Extracted material
:::
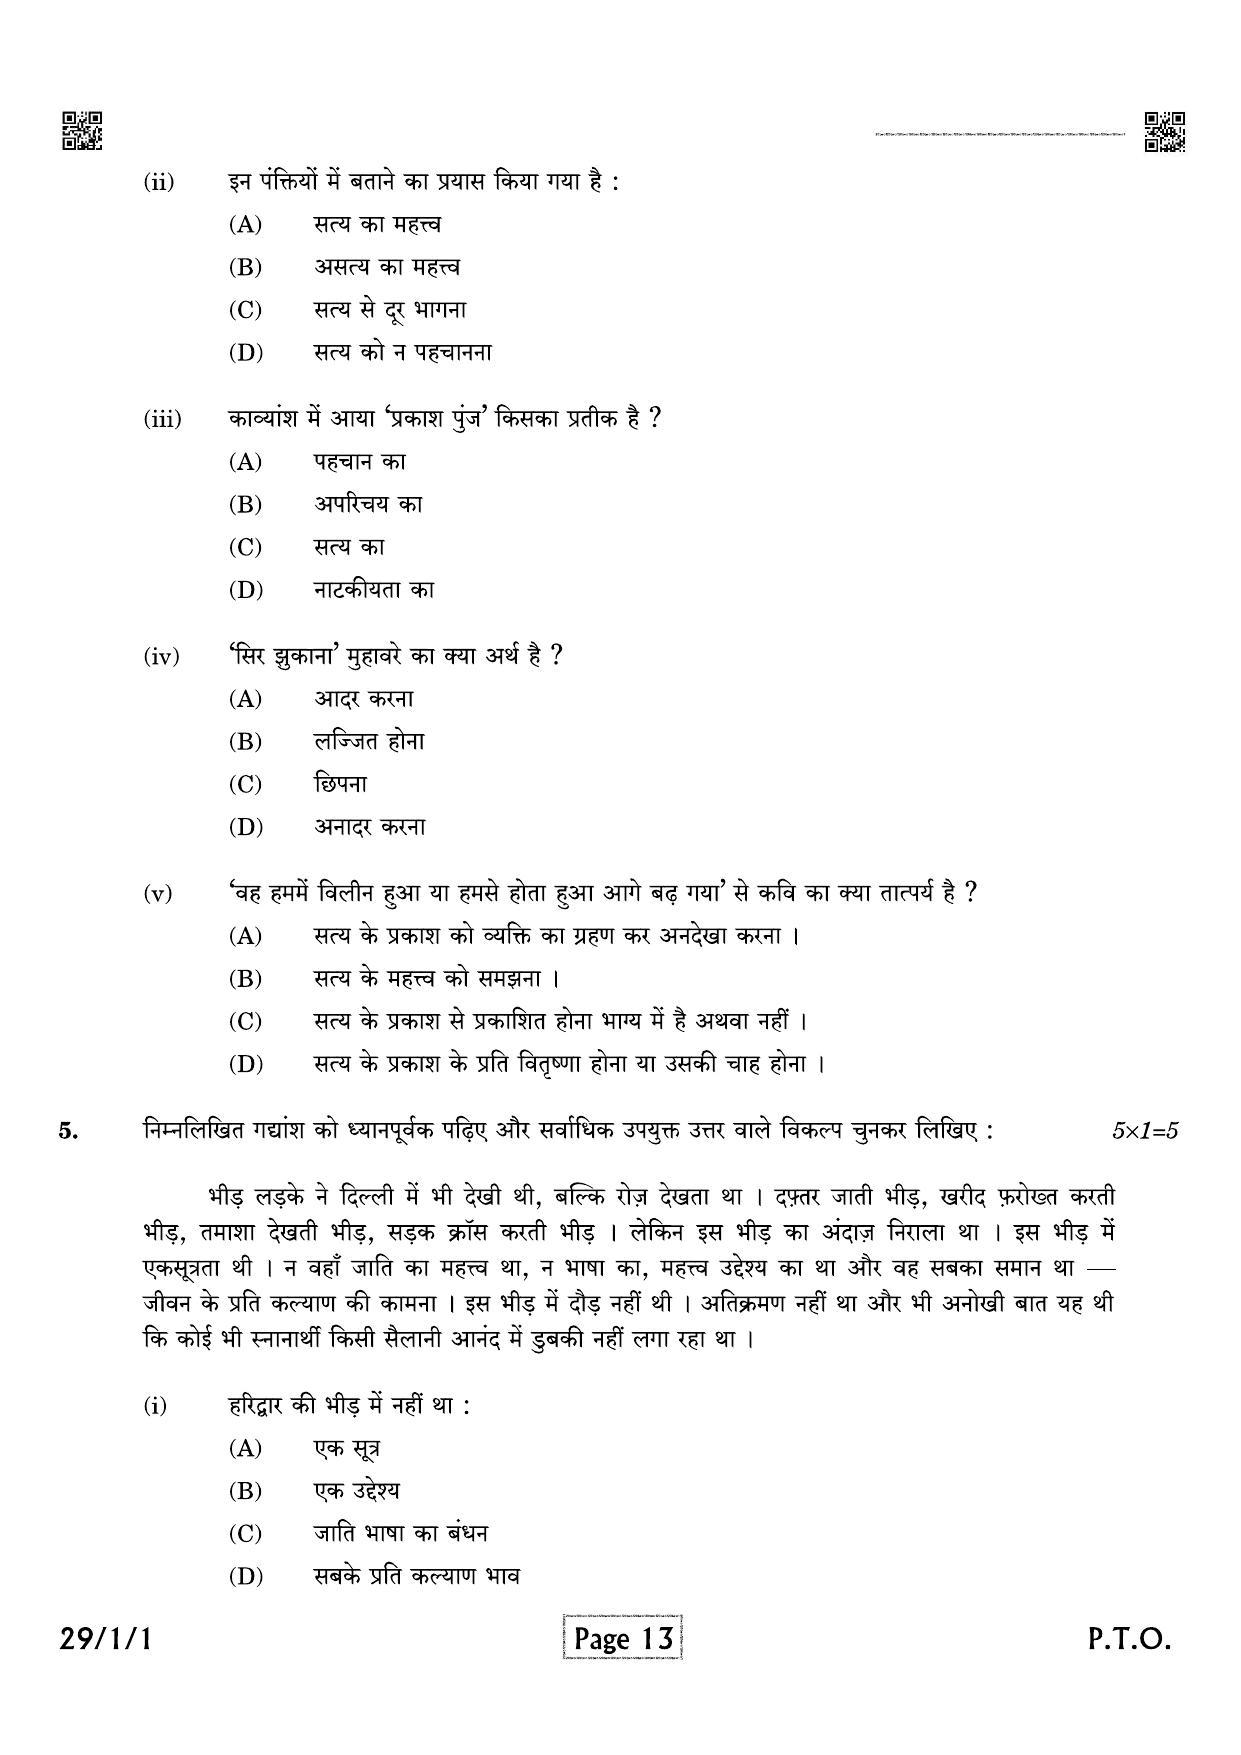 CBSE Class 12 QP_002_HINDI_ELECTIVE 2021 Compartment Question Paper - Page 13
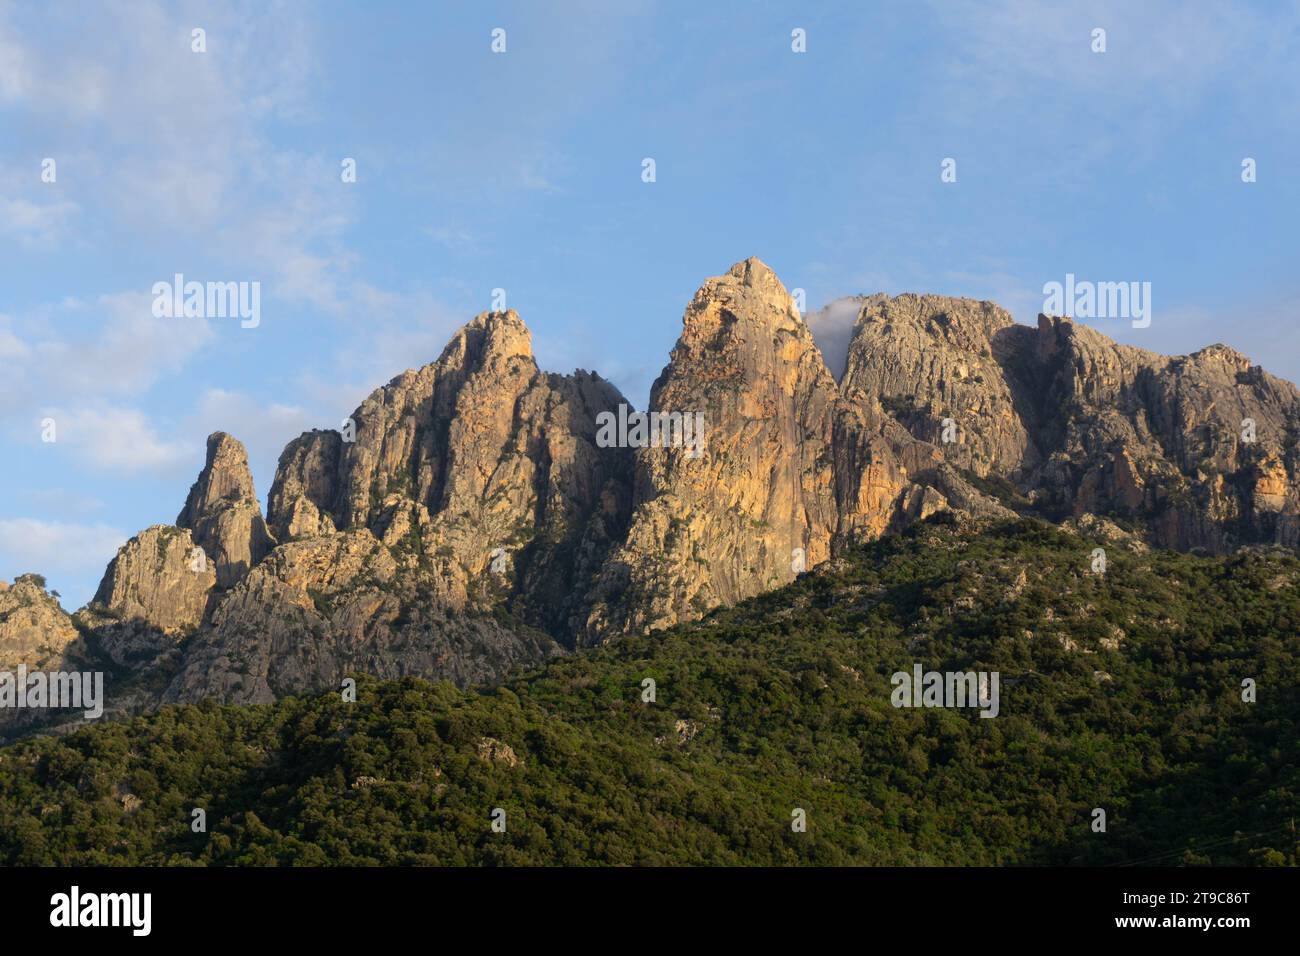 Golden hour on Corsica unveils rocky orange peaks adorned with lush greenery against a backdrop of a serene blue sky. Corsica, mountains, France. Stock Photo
:::
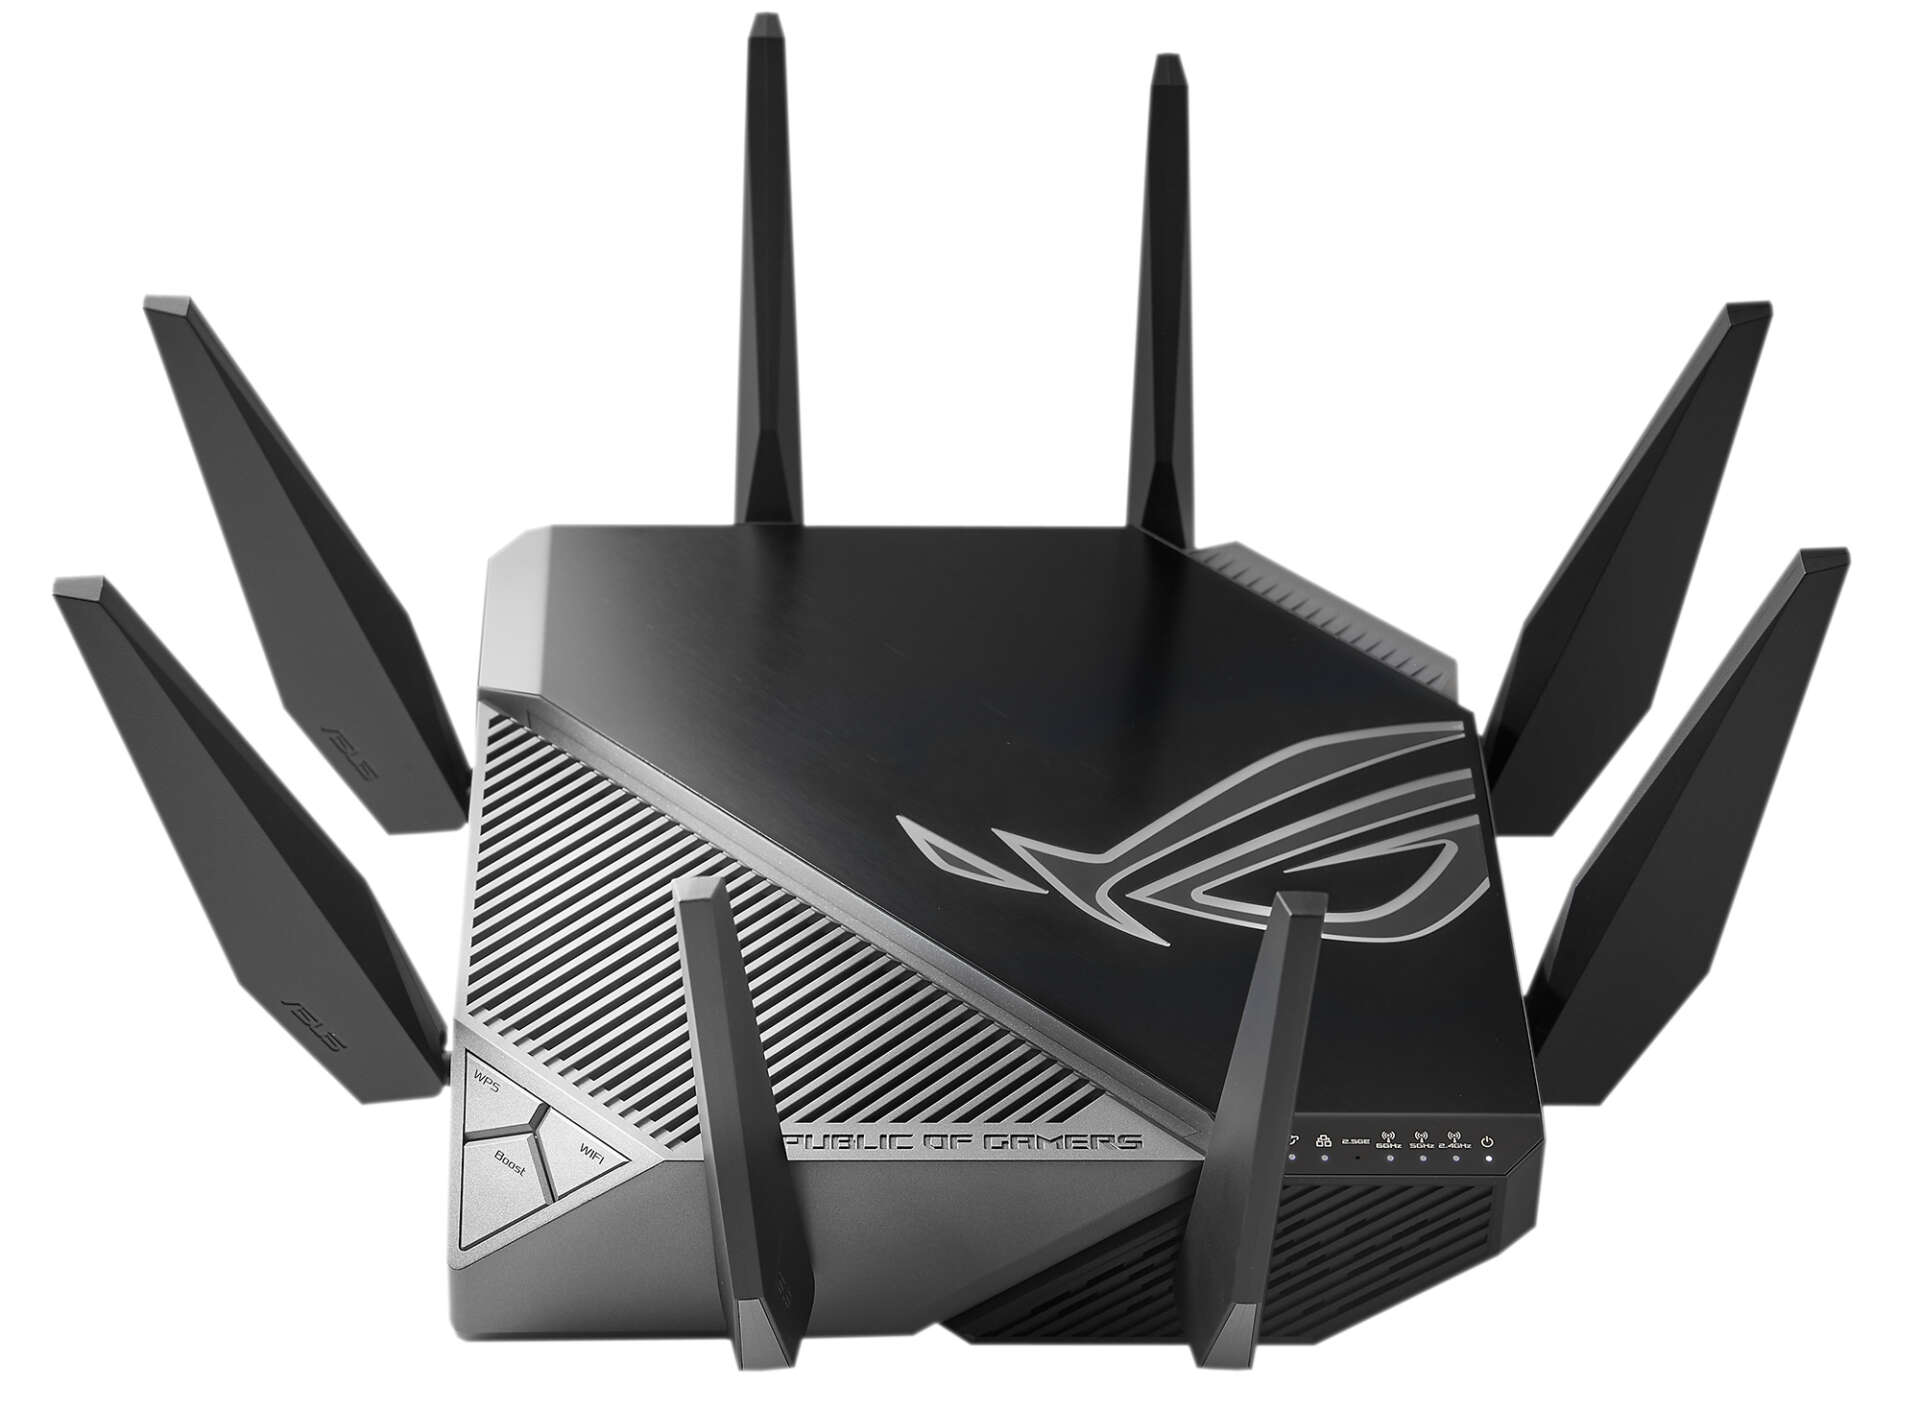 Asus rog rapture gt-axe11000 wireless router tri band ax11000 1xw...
:::
Look above for the line with "CBSE Class 12"; quote it and every line after it, stopping after the line with "Golden hour on", exactly, with nothing added and without pictures.

Answer space
 CBSE Class 12 QP_002_HINDI_ELECTIVE 2021 Compartment Question Paper - Page 13
 Golden hour on Corsica unveils rocky orange peaks adorned with lush greenery against a backdrop of a serene blue sky. Corsica, mountains, France. Stock Photo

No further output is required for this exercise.